The paper provides specific hardware configurations (Tenstorrent Blackhole p150, NVIDIA A100 80GB), network details (100 Gbps RoCE), and software versions (vLLM 0.19.1). It describes the kernel modifications (monkey-patching prefill runtime, fused decode kernels) in sufficient detail for replication by systems researchers. However, access to Tenstorrent hardware is currently a barrier to immediate independent reproduction, though the methodology is sound.
The current evaluation is limited to a specific hardware pairing (Tenstorrent + NVIDIA). The performance gains for smaller models (4B) are modest or negative in raw goodput compared to homogeneous setups, suggesting the overhead of disaggregation and cross-vendor transfer may not always be justified for small workloads. The system relies on a specific RDMA fabric setup, and performance may vary with different network topologies or congestion control mechanisms. Additionally, the "oracle" colocation baseline assumes perfect routing, which may be optimistic in practice.
This work highlights the growing fragmentation in the AI accelerator landscape and provides a practical framework for leveraging heterogeneous hardware in production LLM serving.

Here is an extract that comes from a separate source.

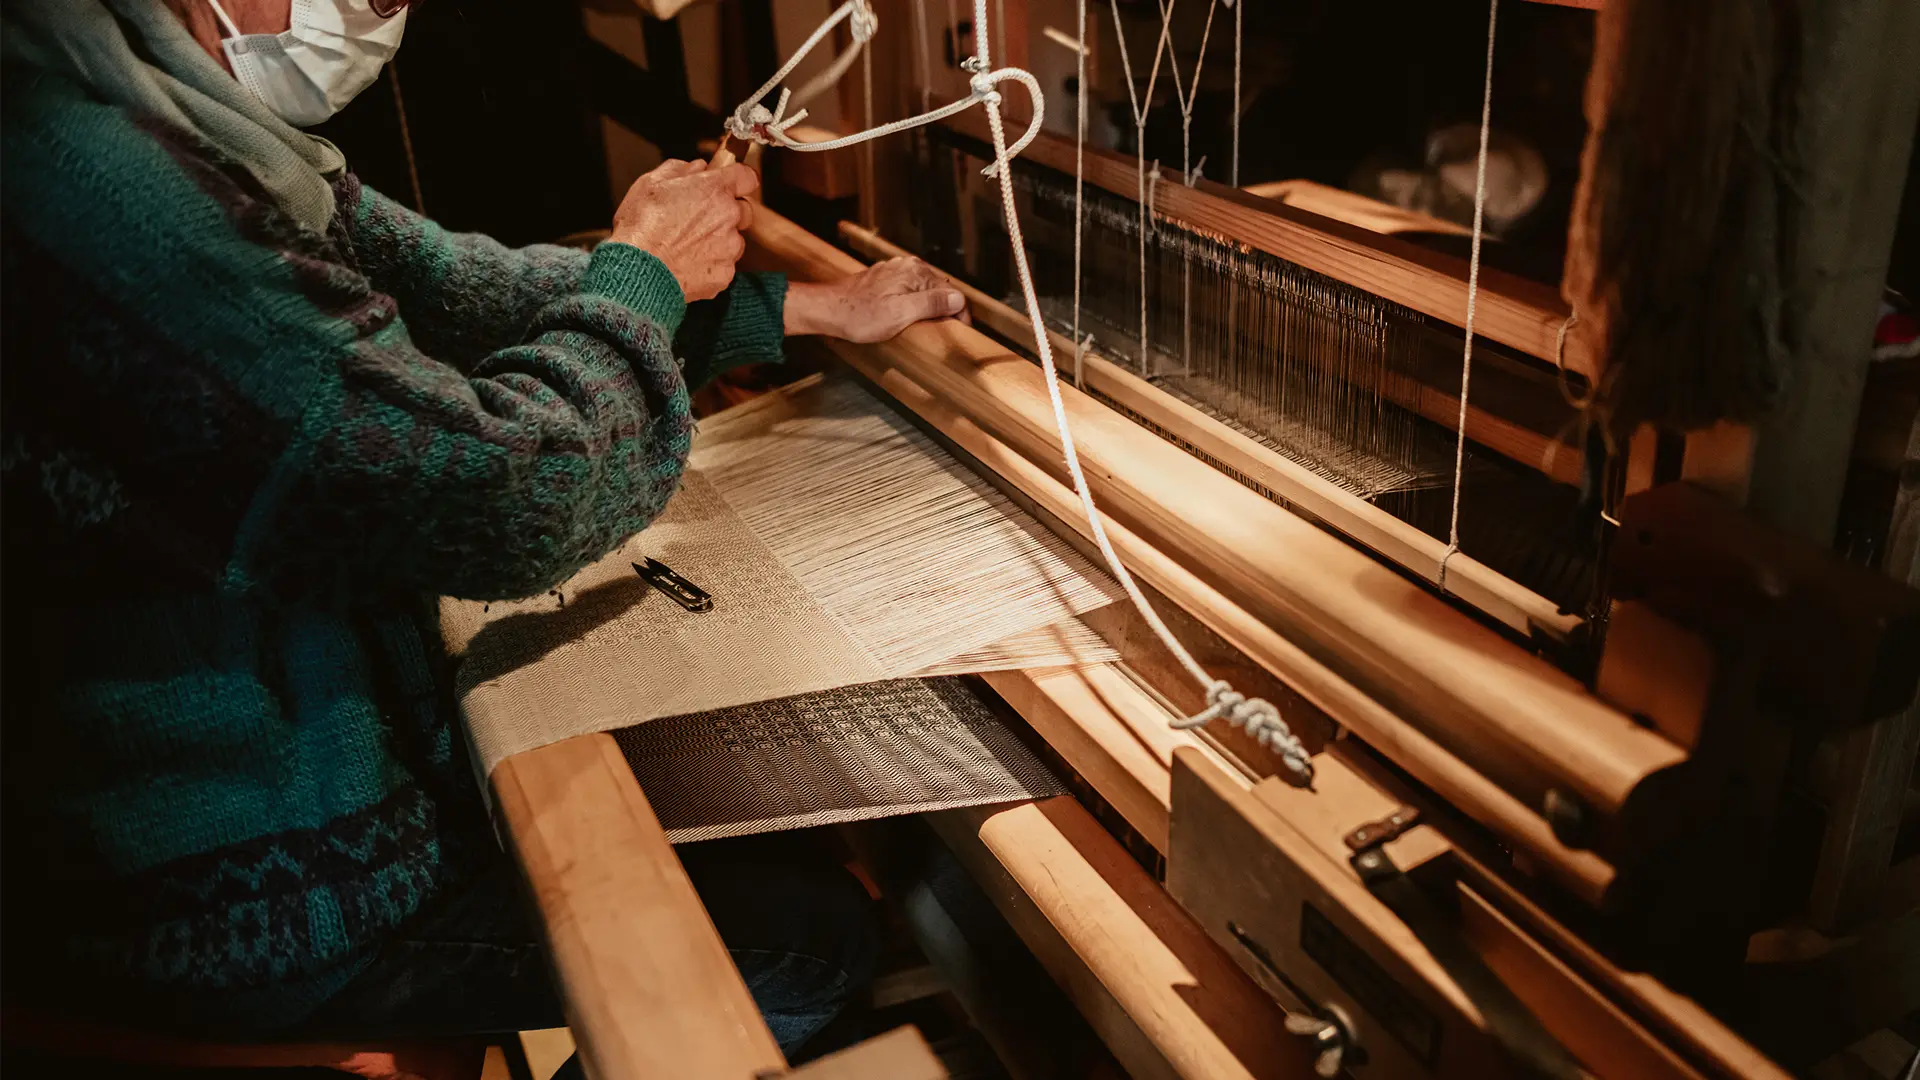 weaving on the loom in chianti

By demonstrating that cost-efficient GDDR chips can effectively offload prefill, it offers a pathway to reduce the total cost of ownership for LLM inference, potentially democratizing access to high-performance serving infrastructure. It also sets a precedent for handling cross-vendor interoperability in disaggregated systems. HMA-Serve presents a compelling systems solution for cost-effective LLM inference by effectively disaggregating prefill and decode phases across memory-heterogeneous, cross-vendor accelerators, achieving significant gains in goodput and cost-efficiency without compromising generation quality.